BEGIN Supplied data

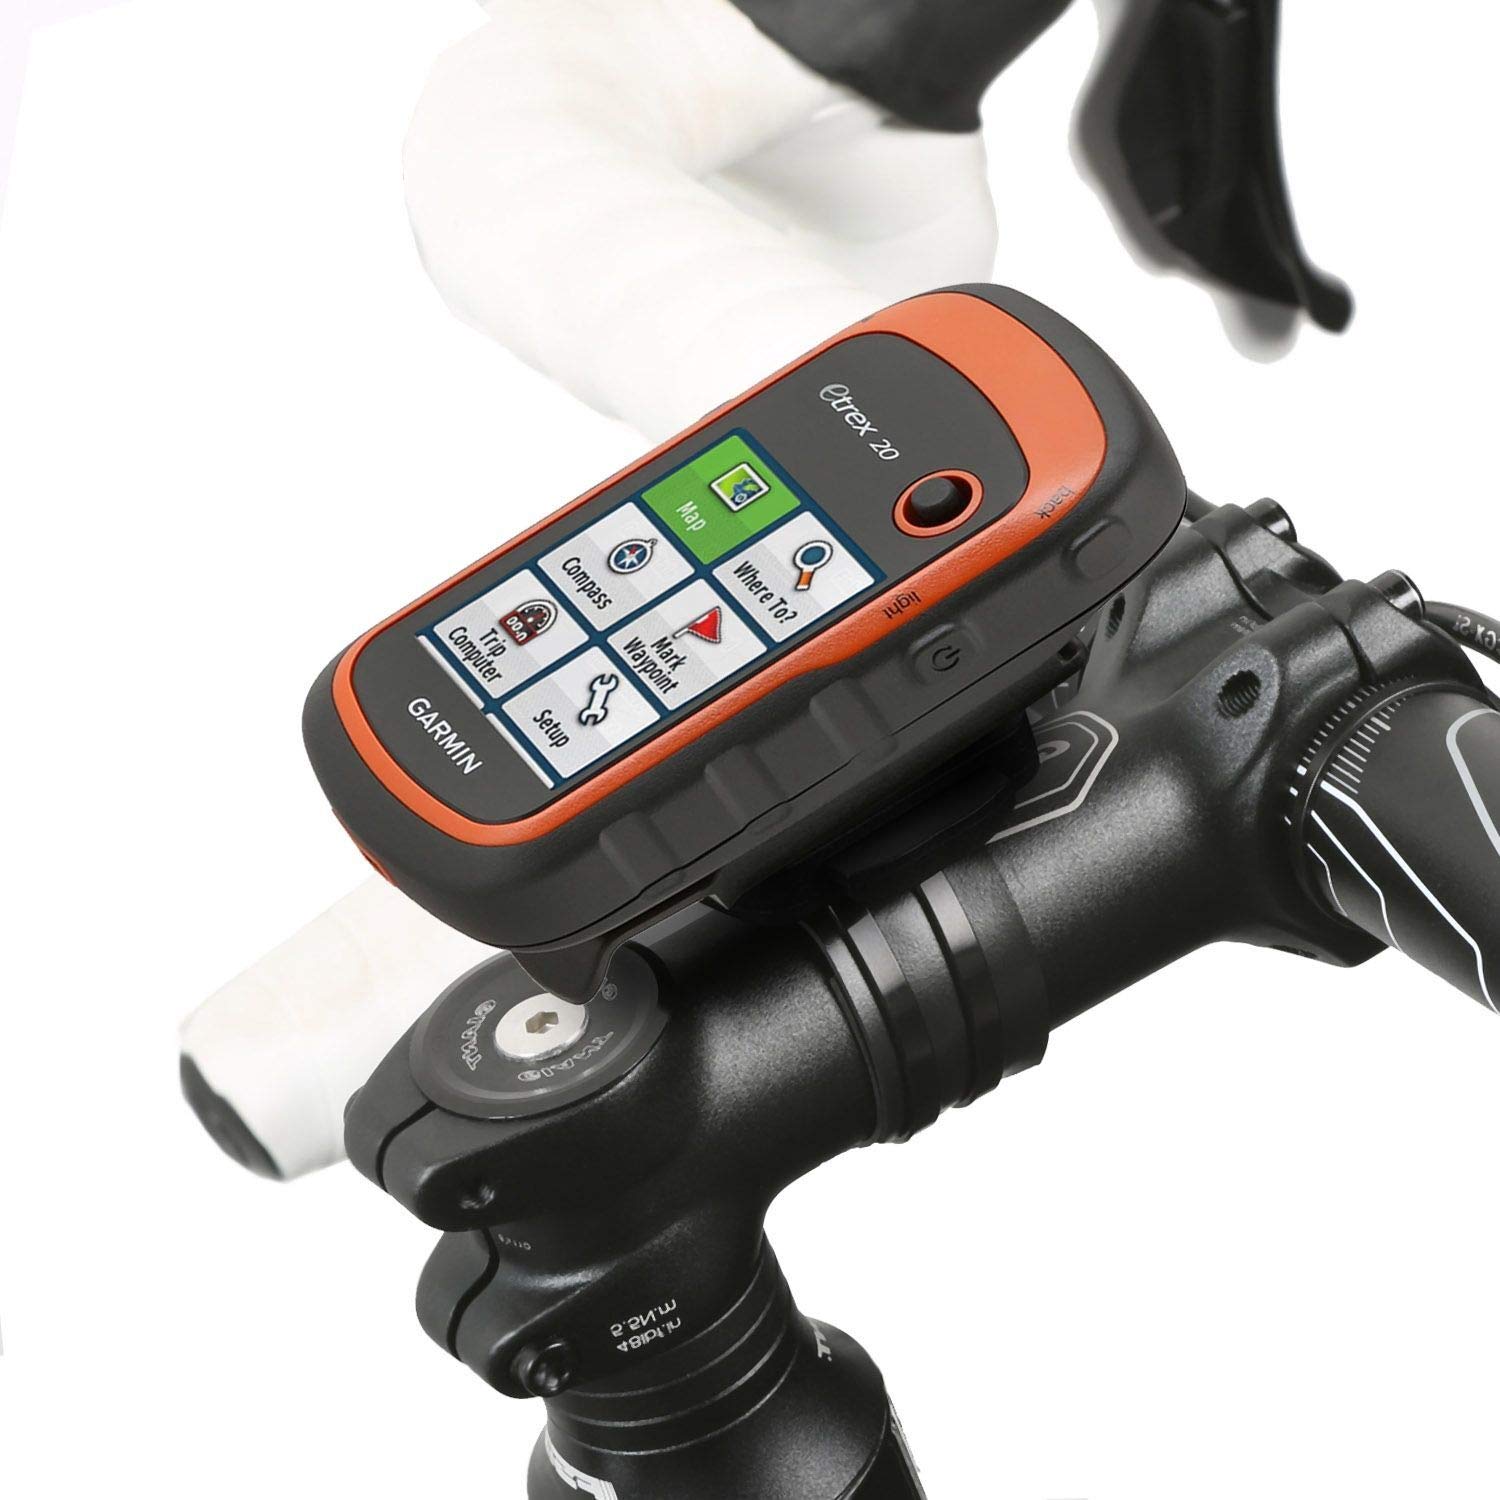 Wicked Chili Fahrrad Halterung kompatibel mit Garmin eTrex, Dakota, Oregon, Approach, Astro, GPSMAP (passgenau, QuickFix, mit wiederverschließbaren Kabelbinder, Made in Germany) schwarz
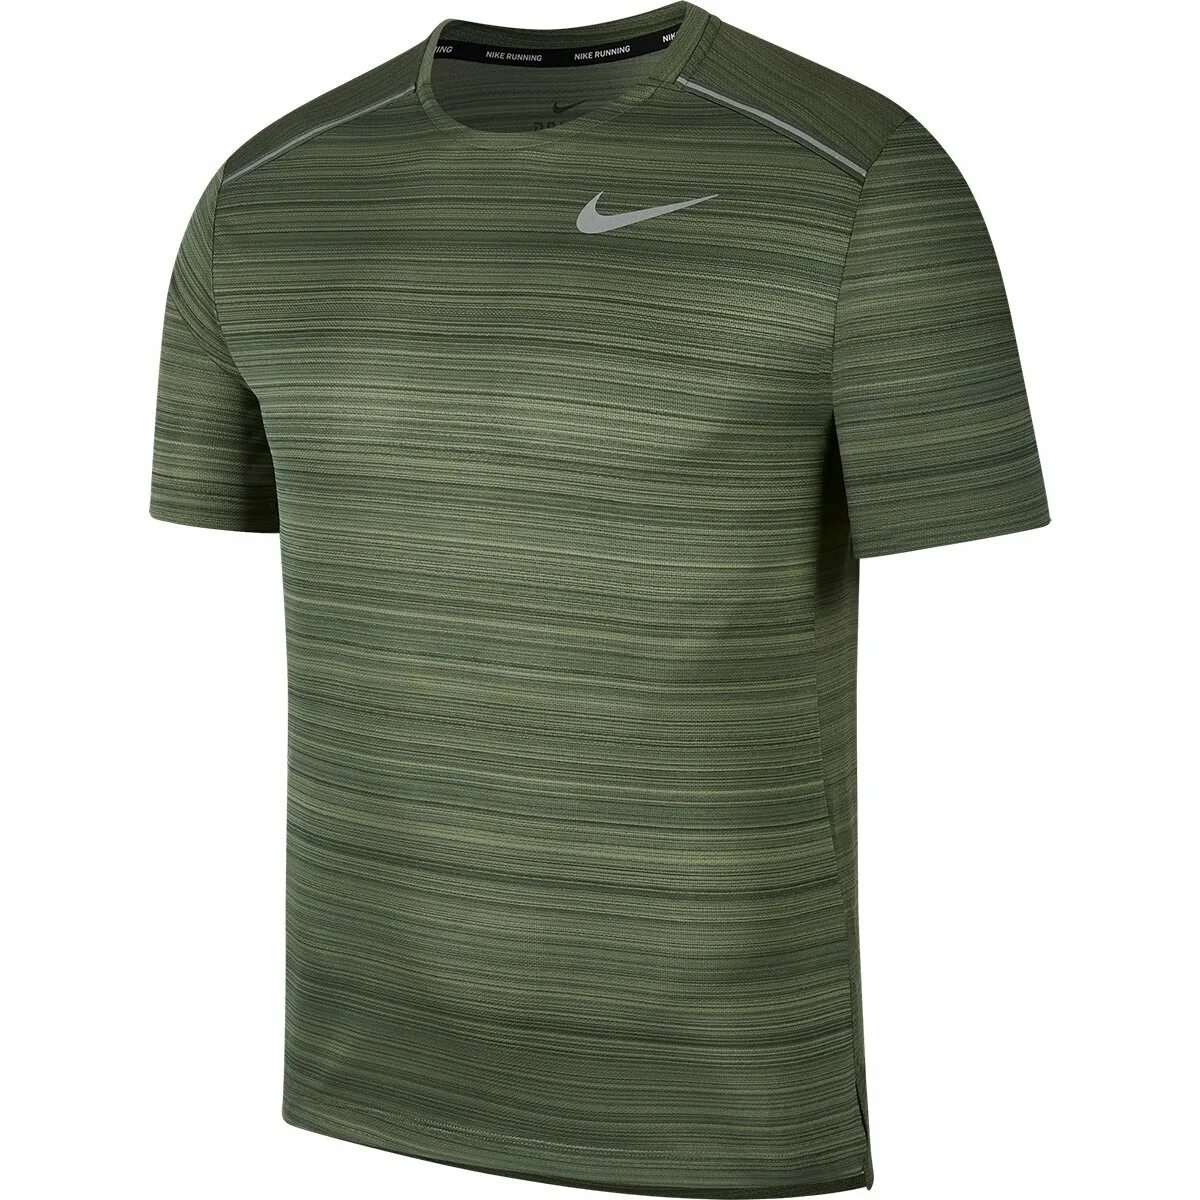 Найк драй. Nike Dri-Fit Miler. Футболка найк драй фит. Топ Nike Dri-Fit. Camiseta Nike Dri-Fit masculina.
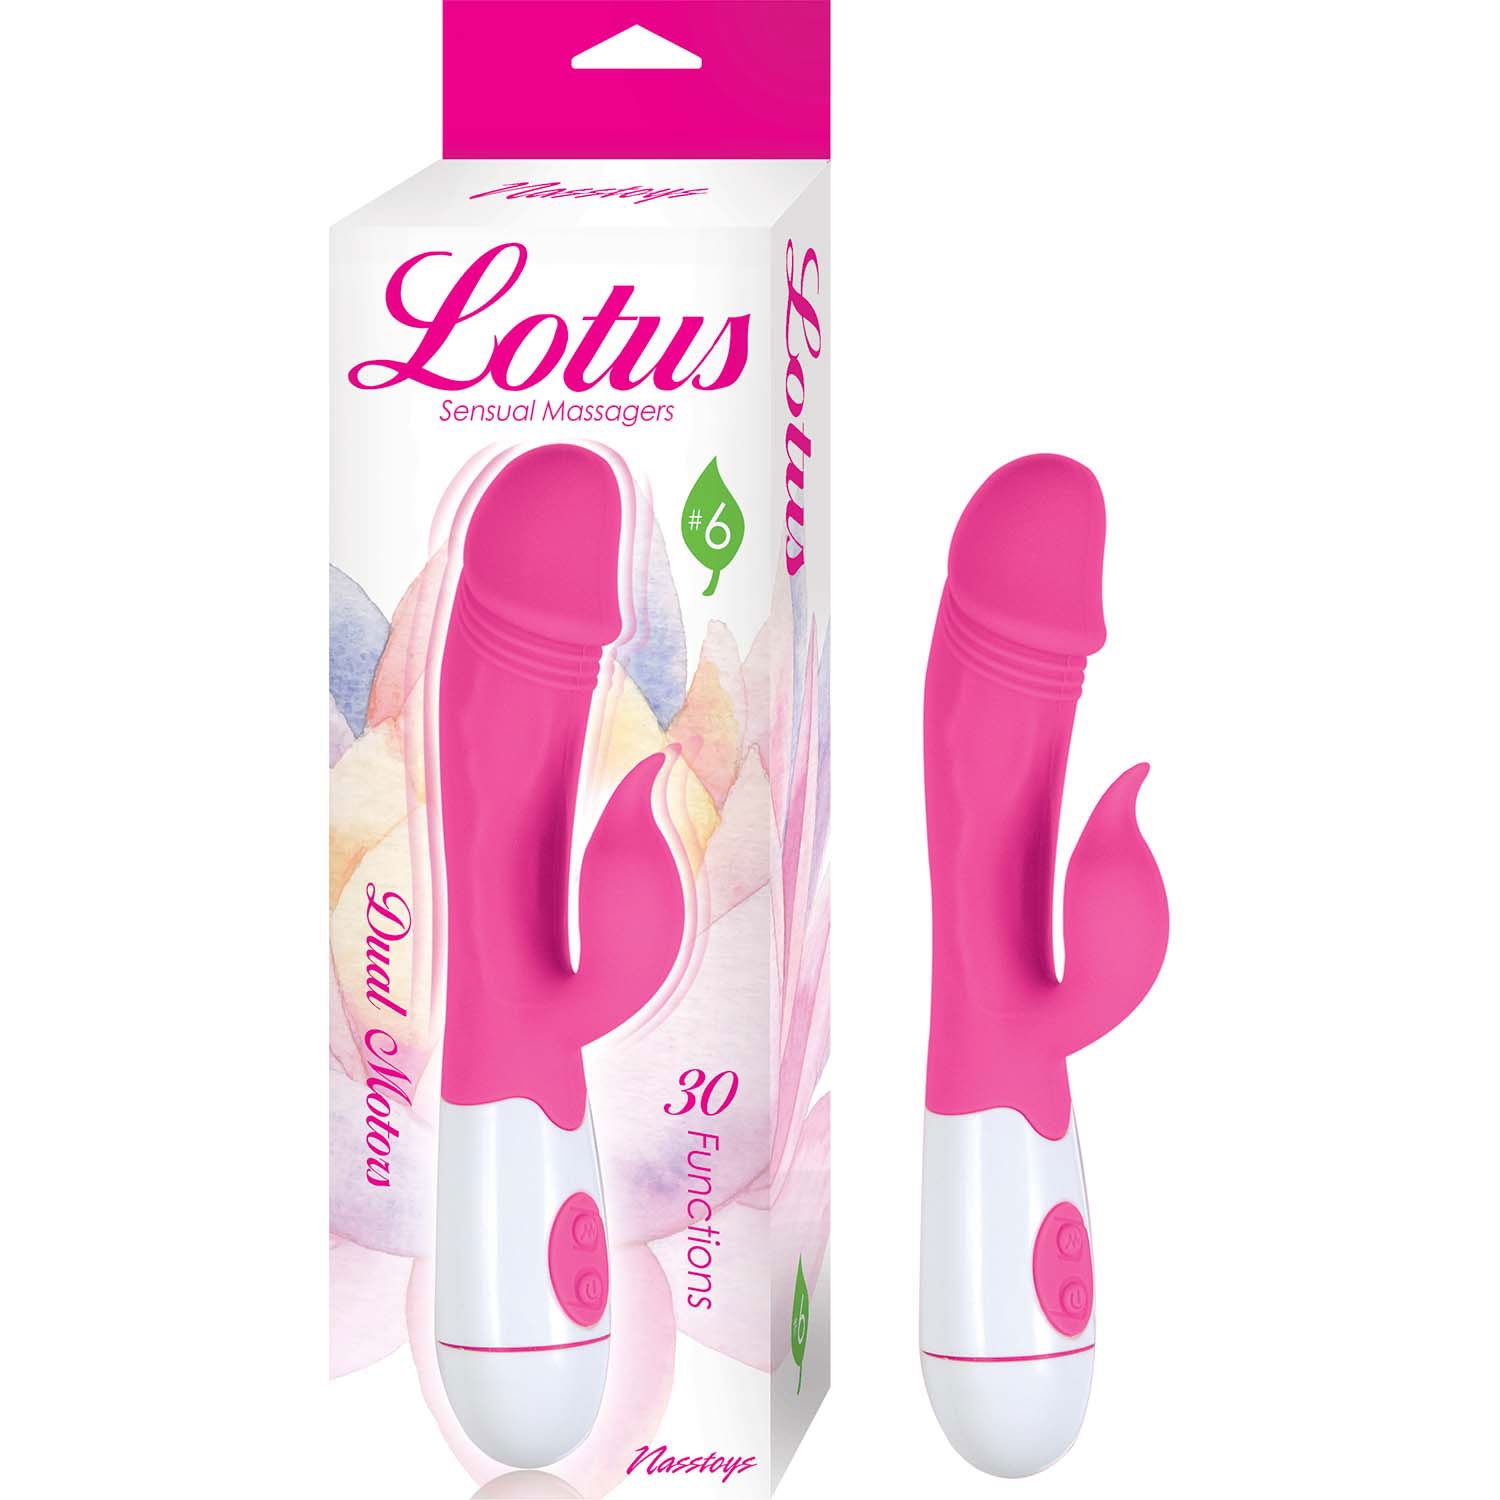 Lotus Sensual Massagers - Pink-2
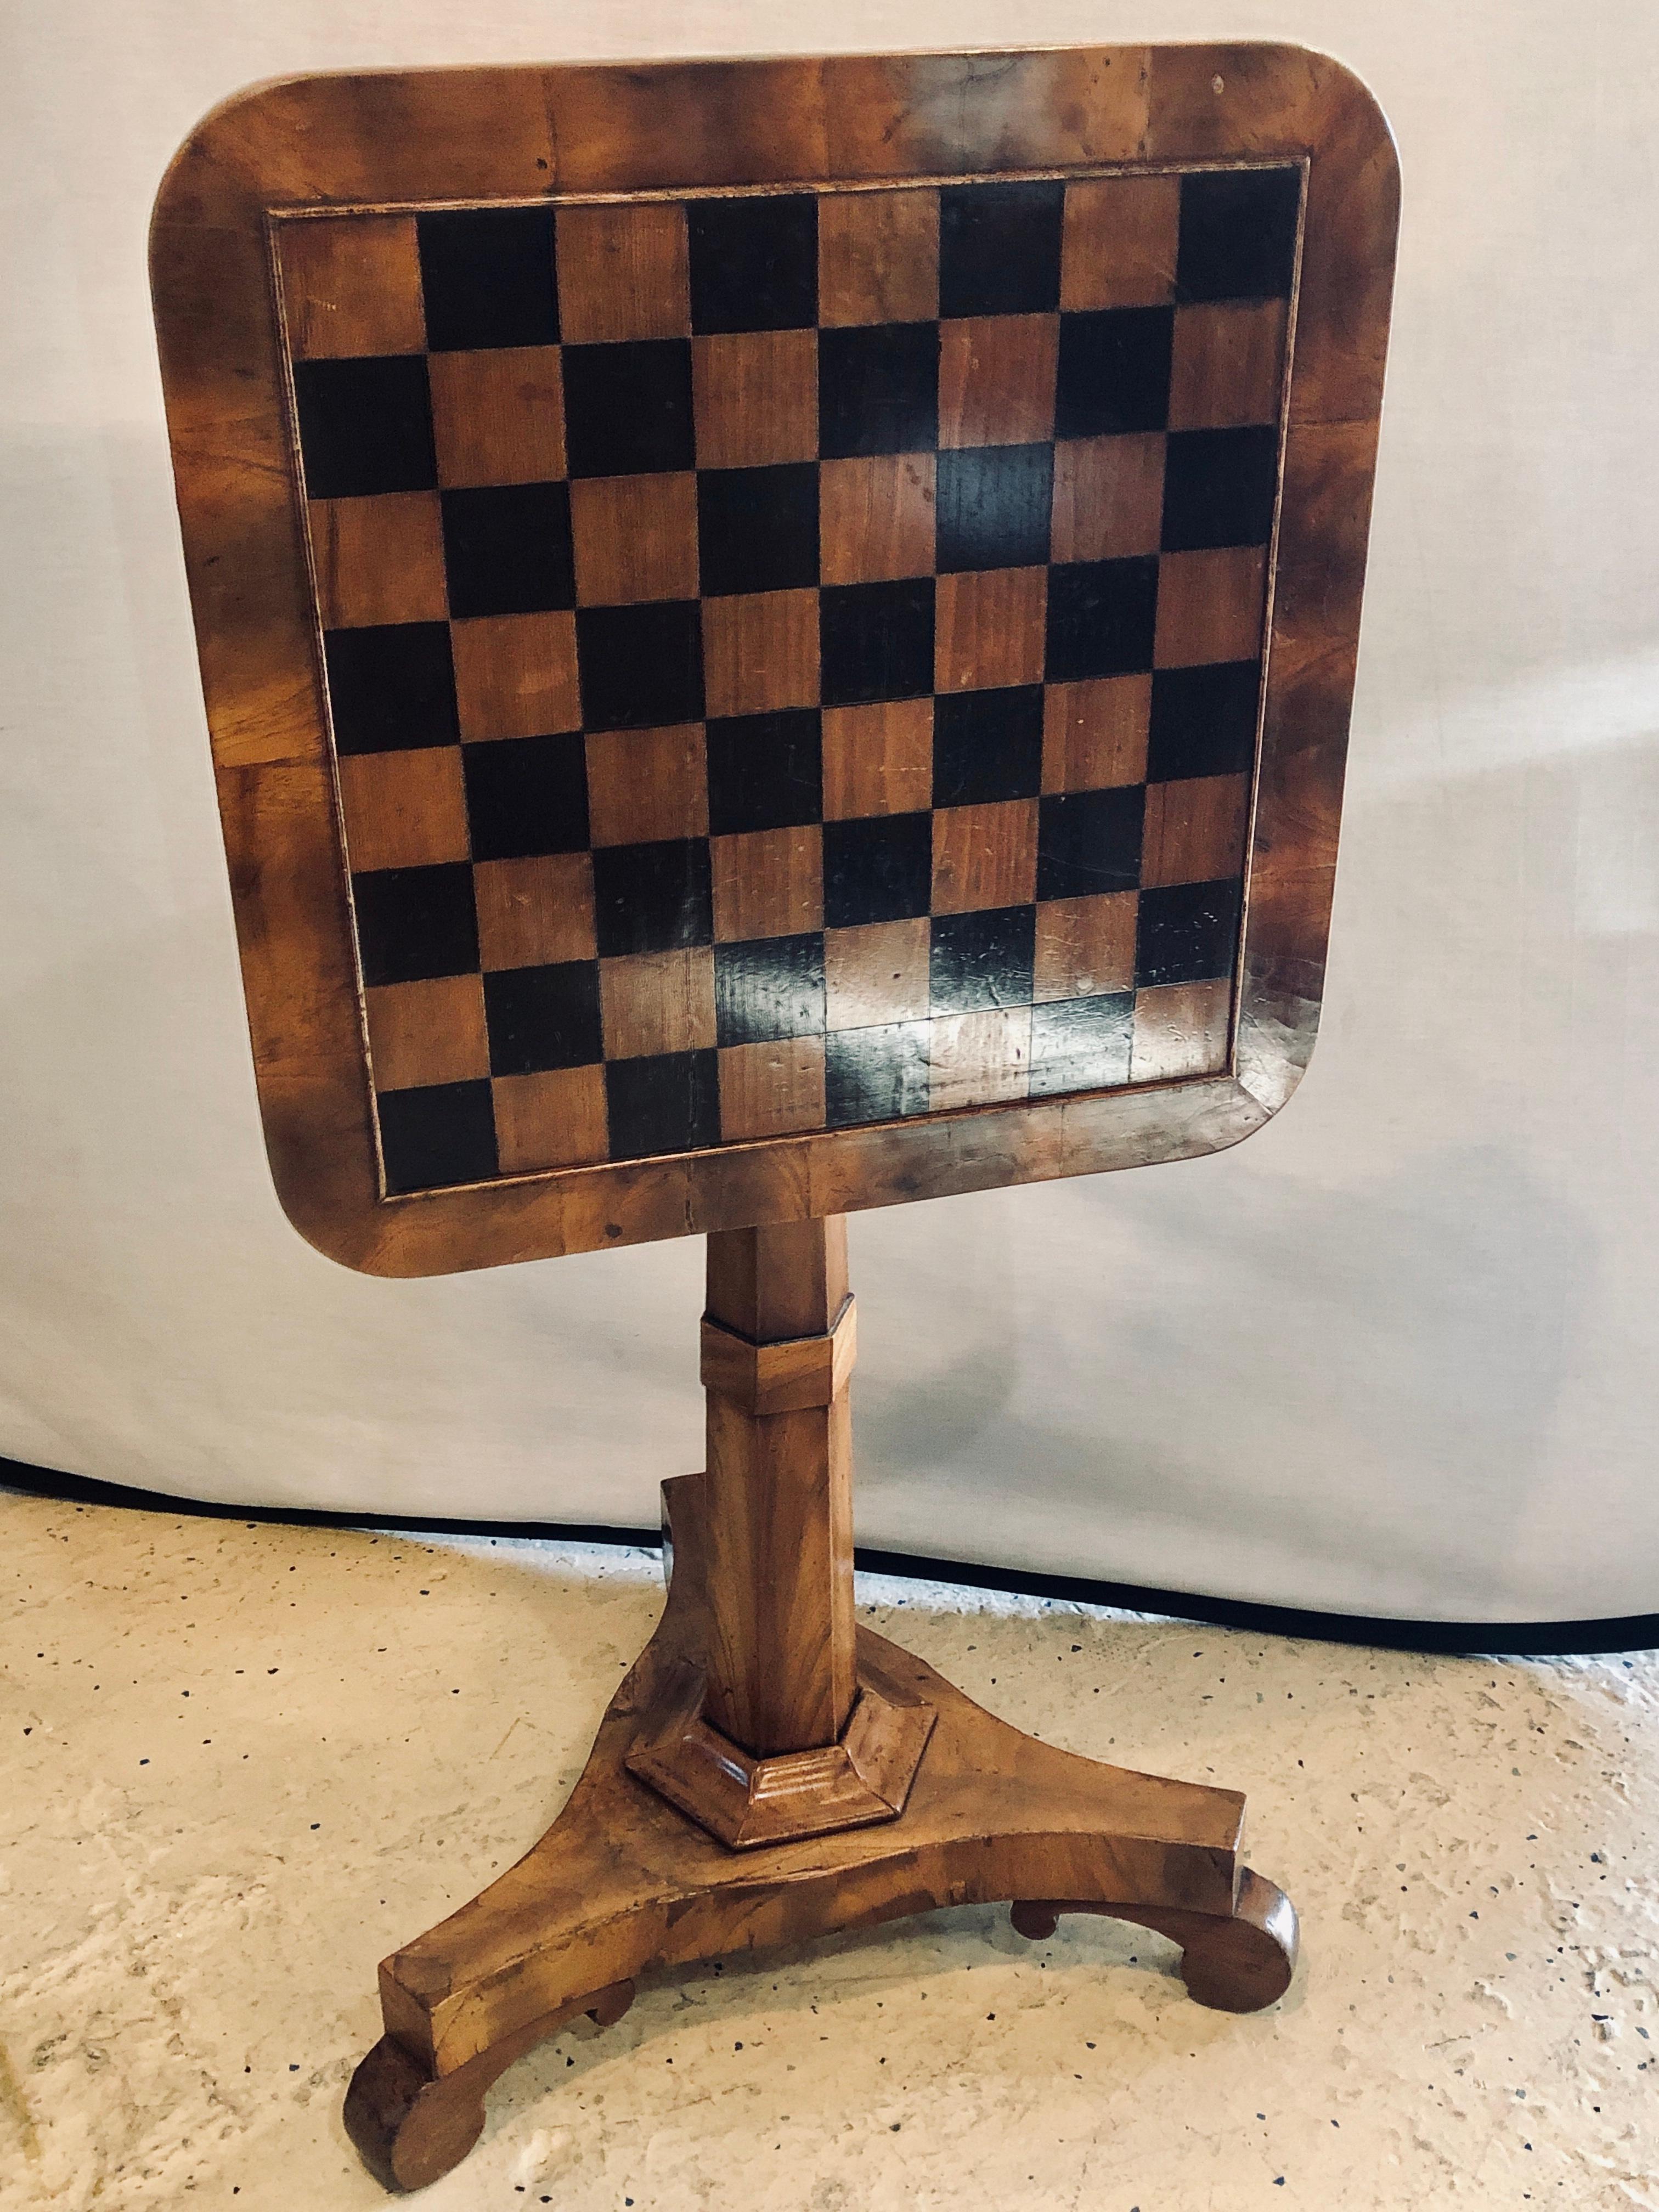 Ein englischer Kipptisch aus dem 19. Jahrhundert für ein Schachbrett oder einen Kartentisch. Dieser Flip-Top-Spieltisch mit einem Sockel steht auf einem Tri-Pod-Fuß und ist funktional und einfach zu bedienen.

END Supplied data

**Work item**
Output the listing above exactly as it stands; no picture should appear.

**Response box**
 Wicked Chili Fahrrad Halterung kompatibel mit Garmin eTrex, Dakota, Oregon, Approach, Astro, GPSMAP (passgenau, QuickFix, mit wiederverschließbaren Kabelbinder, Made in Germany) schwarz
 Найк драй. Nike Dri-Fit Miler. Футболка найк драй фит. Топ Nike Dri-Fit. Camiseta Nike Dri-Fit masculina.
 Lotus Sensual Massagers - Pink-2
 Ein englischer Kipptisch aus dem 19. Jahrhundert für ein Schachbrett oder einen Kartentisch. Dieser Flip-Top-Spieltisch mit einem Sockel steht auf einem Tri-Pod-Fuß und ist funktional und einfach zu bedienen.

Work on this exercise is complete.